■ Data entries ■
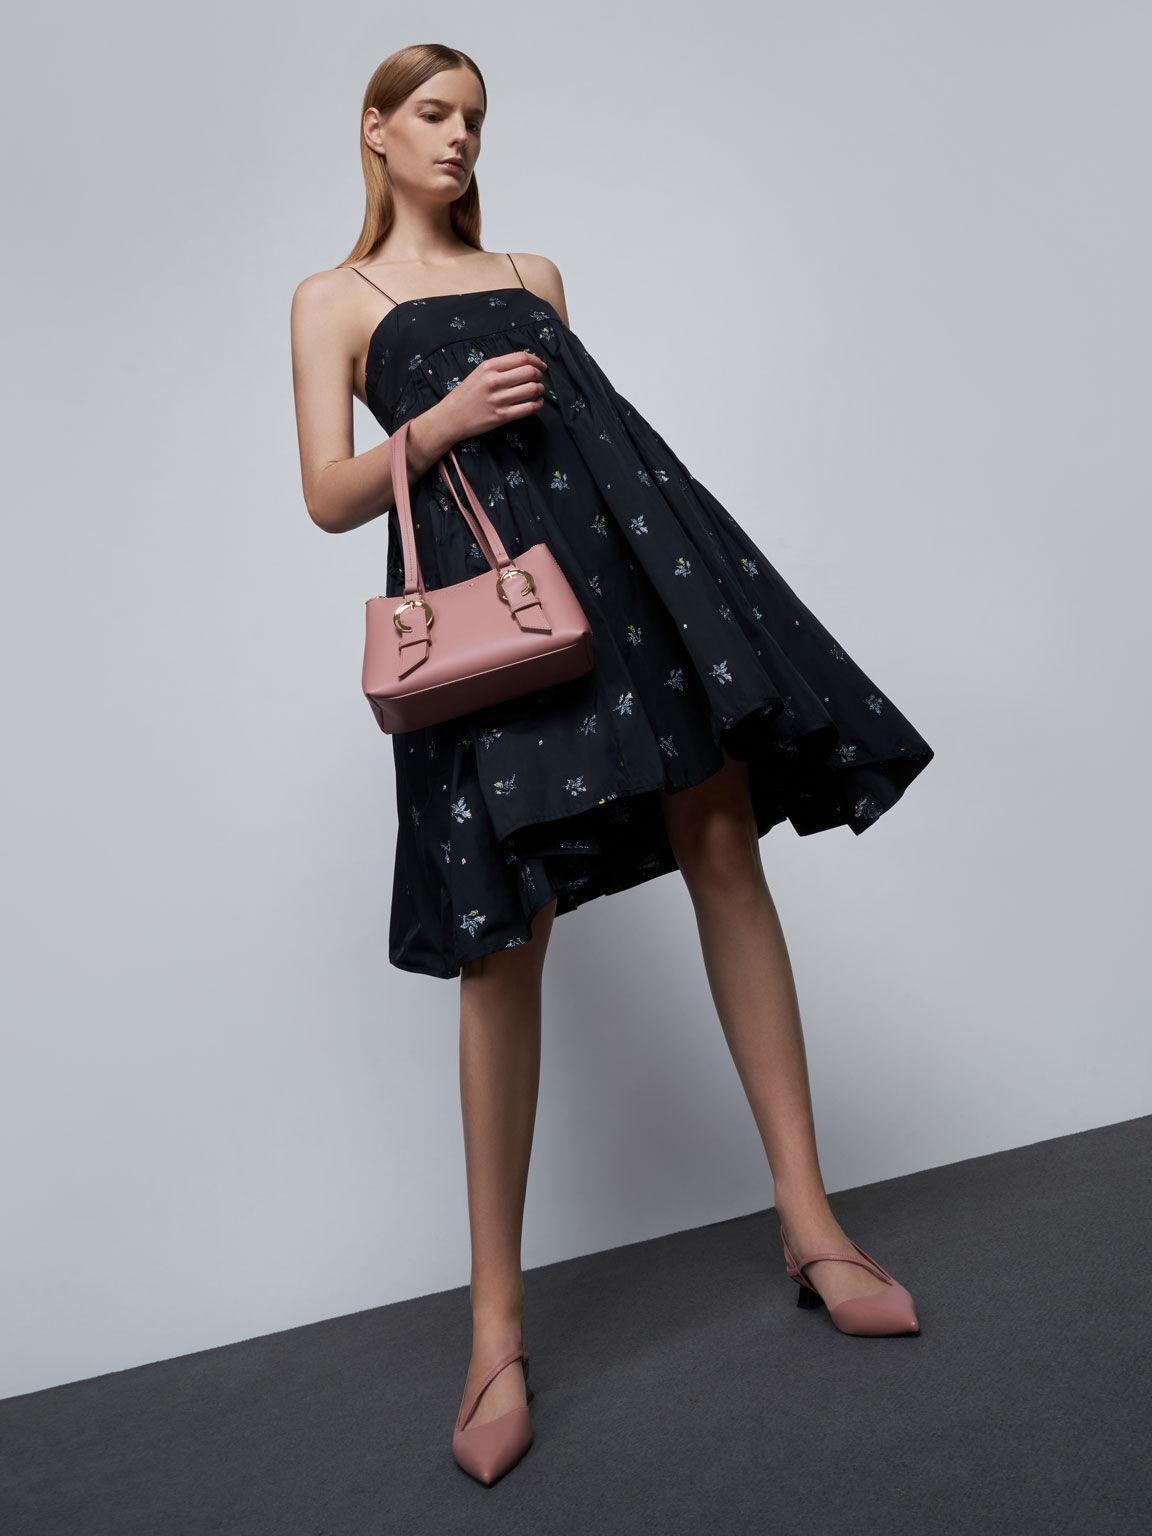 Leather Asymmetric Slingback Pumps, Pink, hi-res
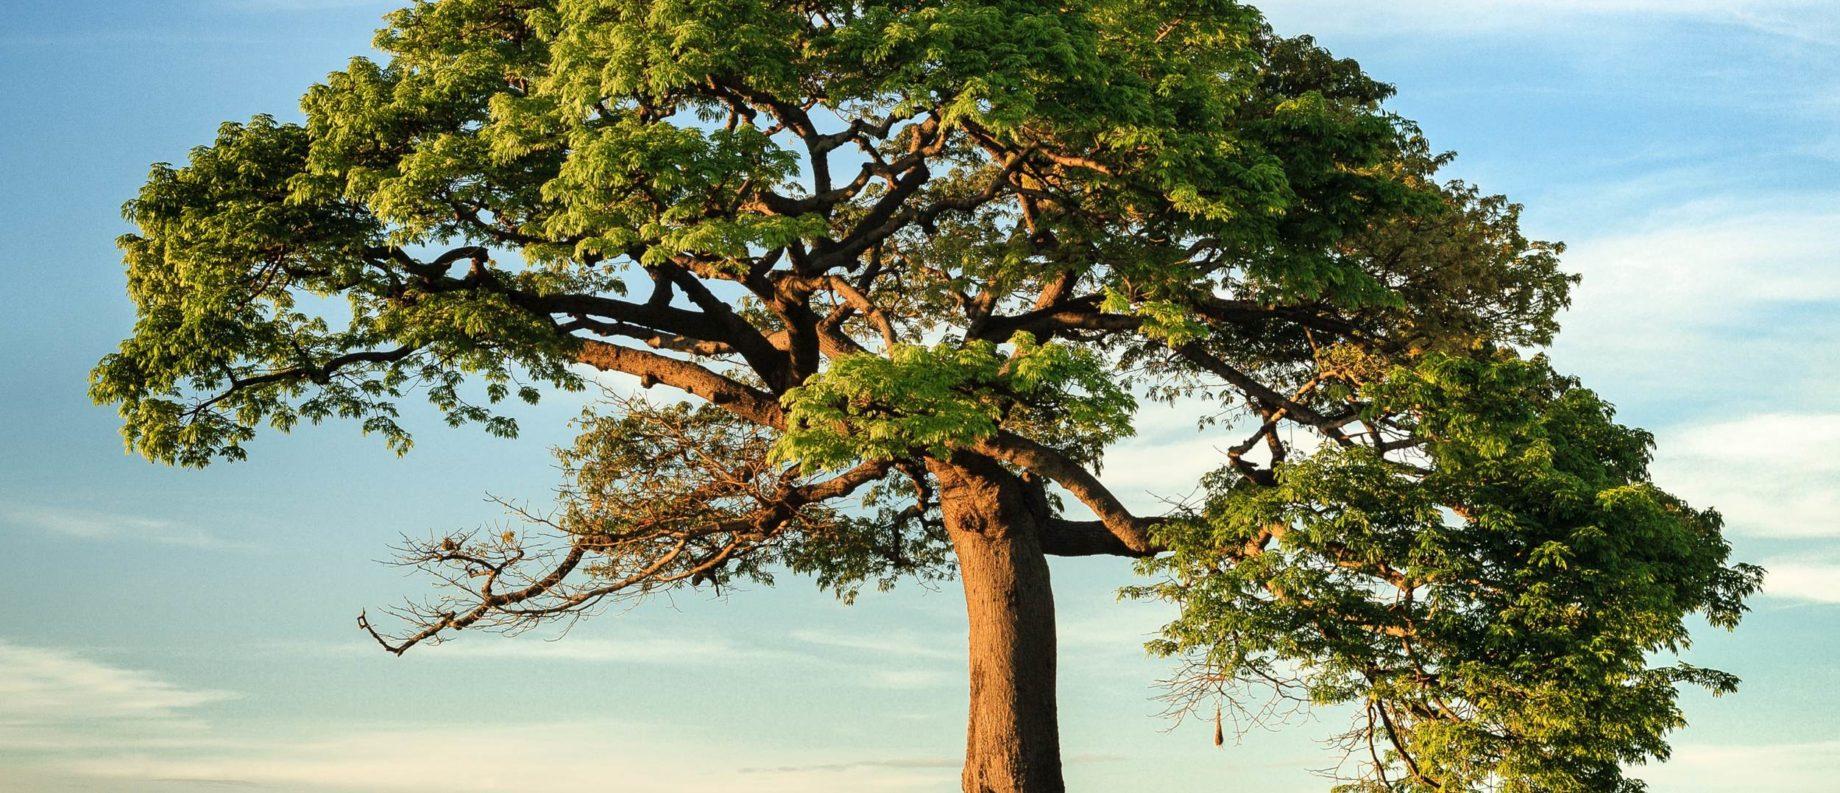 A lone mature tree in the sun
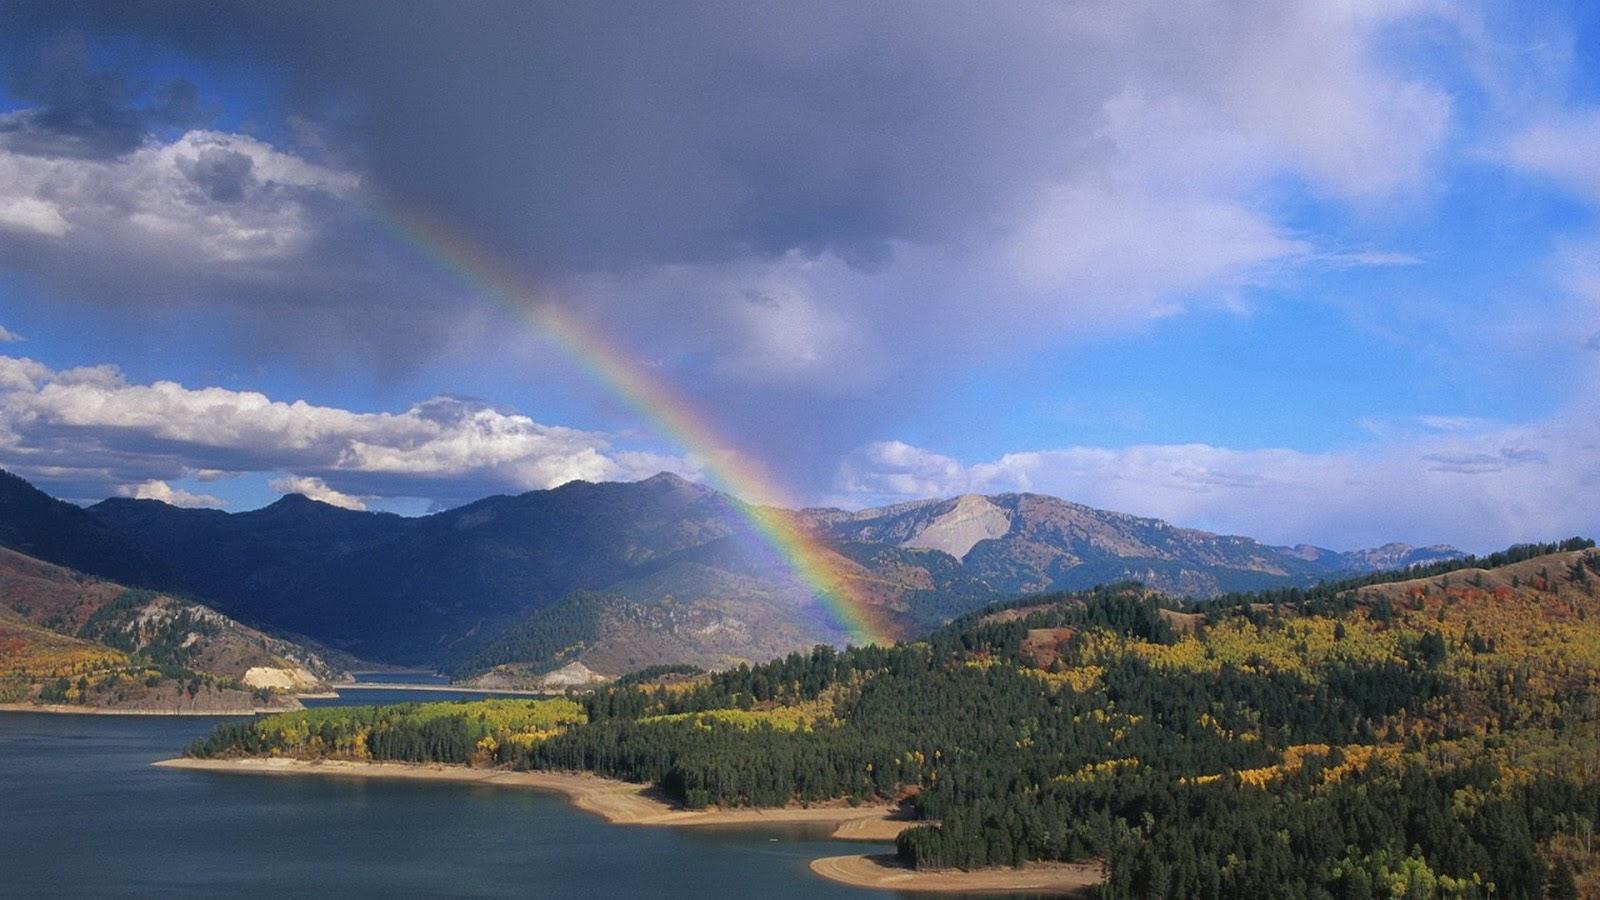 rainbow wallpapers hd - Free Wallpaper
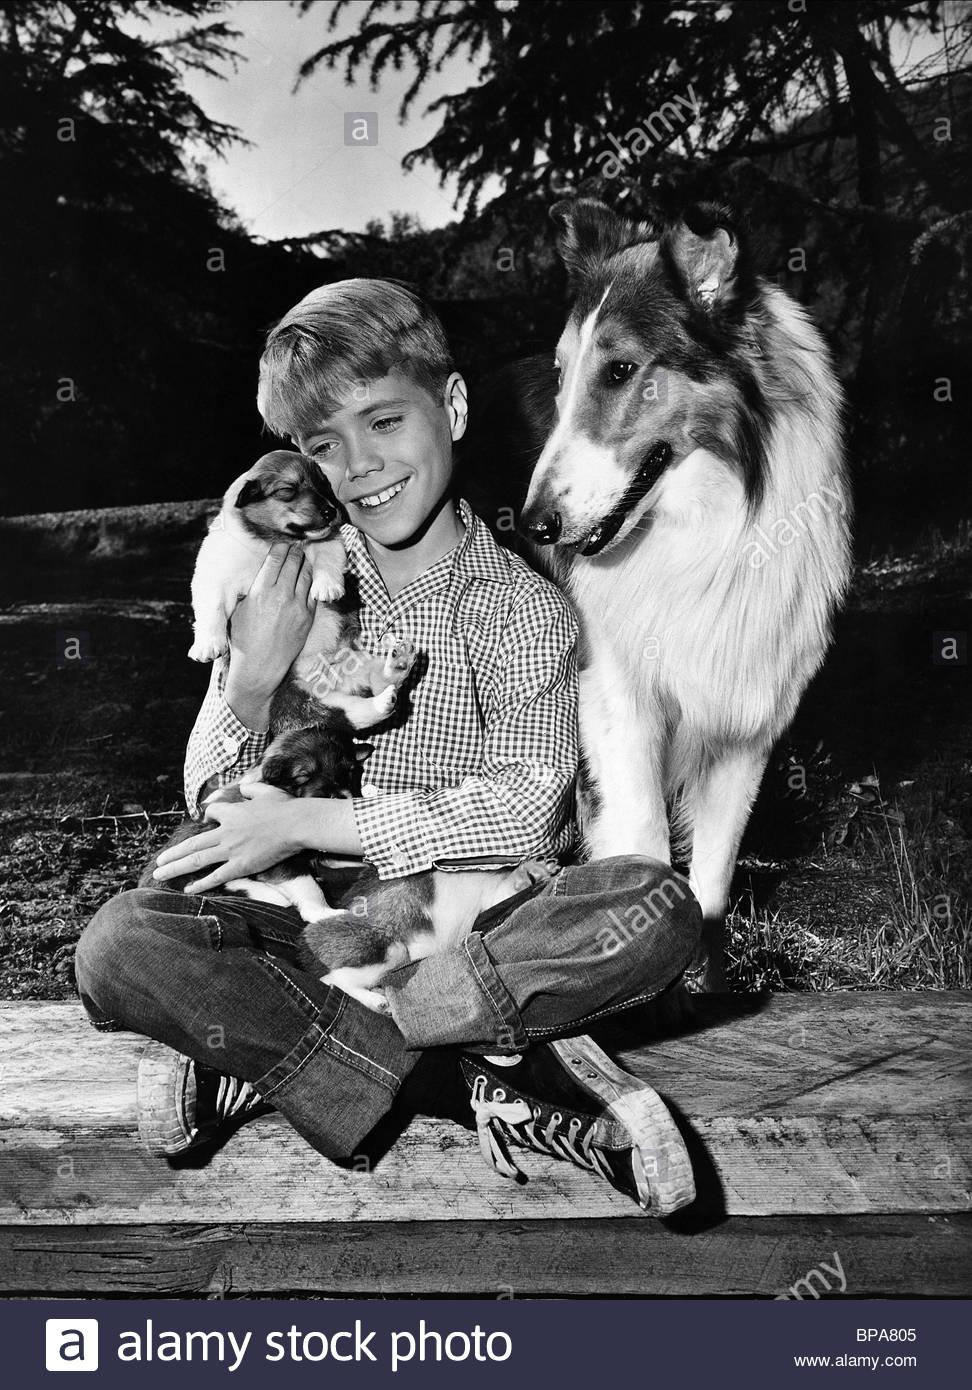 jon-provost-dog-lassie-1954-BPA805
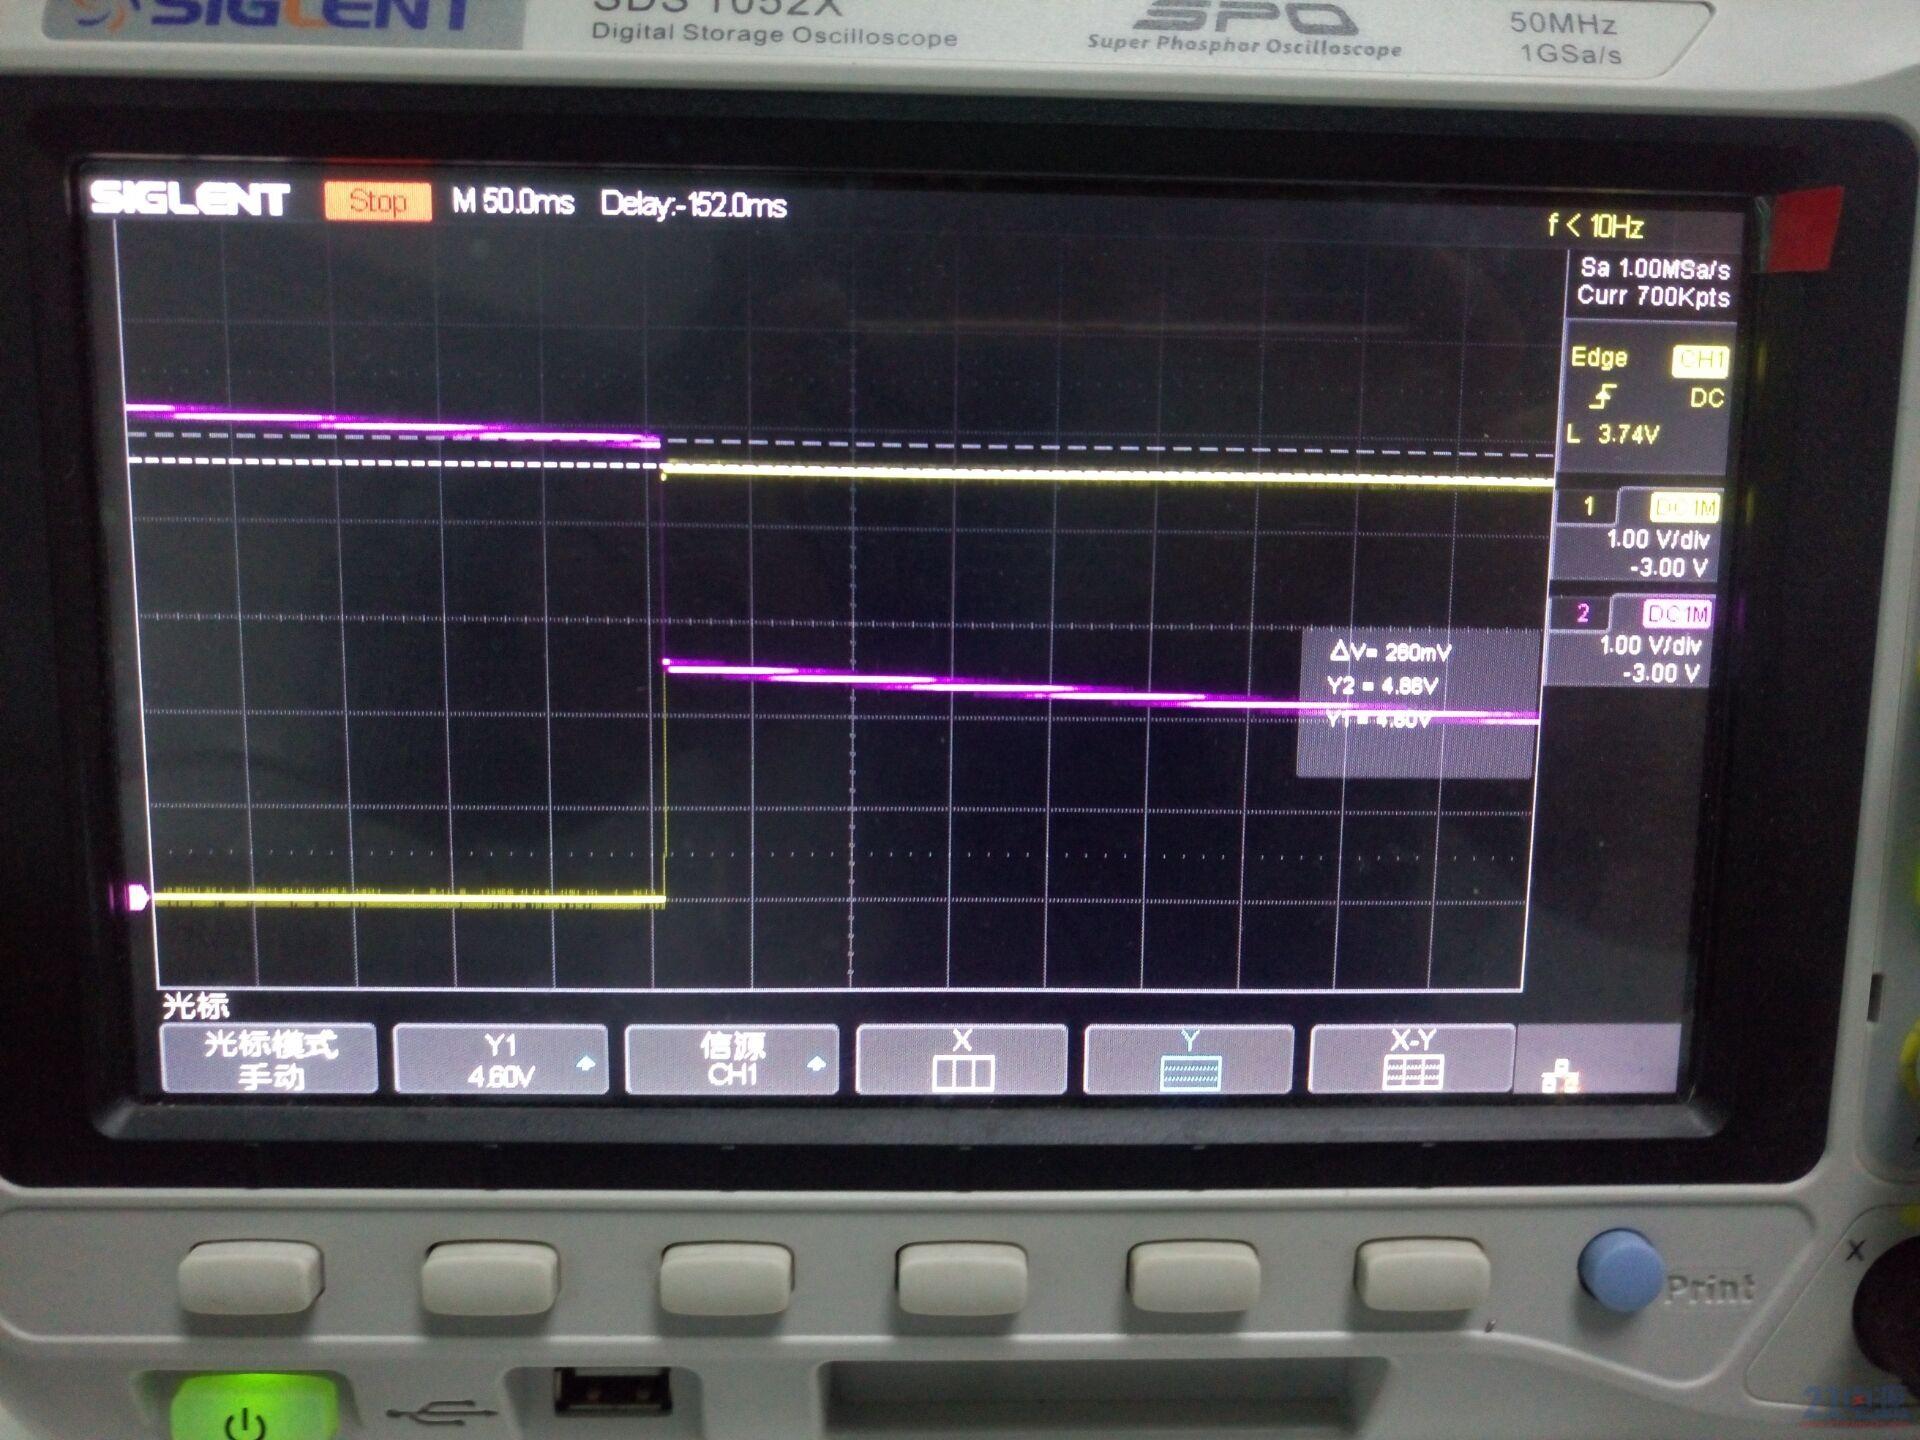 5v来电切换升压或者充电电路,想请教5个问题, 1.

■ About this task ■
Nothing but the lines from the one containing "rainbow wallpapers hd - Free Wallpaper" through the last line of the data should appear in the answer, copied exactly, with pictures excluded.

■ Answer section ■
 rainbow wallpapers hd - Free Wallpaper
 jon-provost-dog-lassie-1954-BPA805
 5v来电切换升压或者充电电路,想请教5个问题, 1.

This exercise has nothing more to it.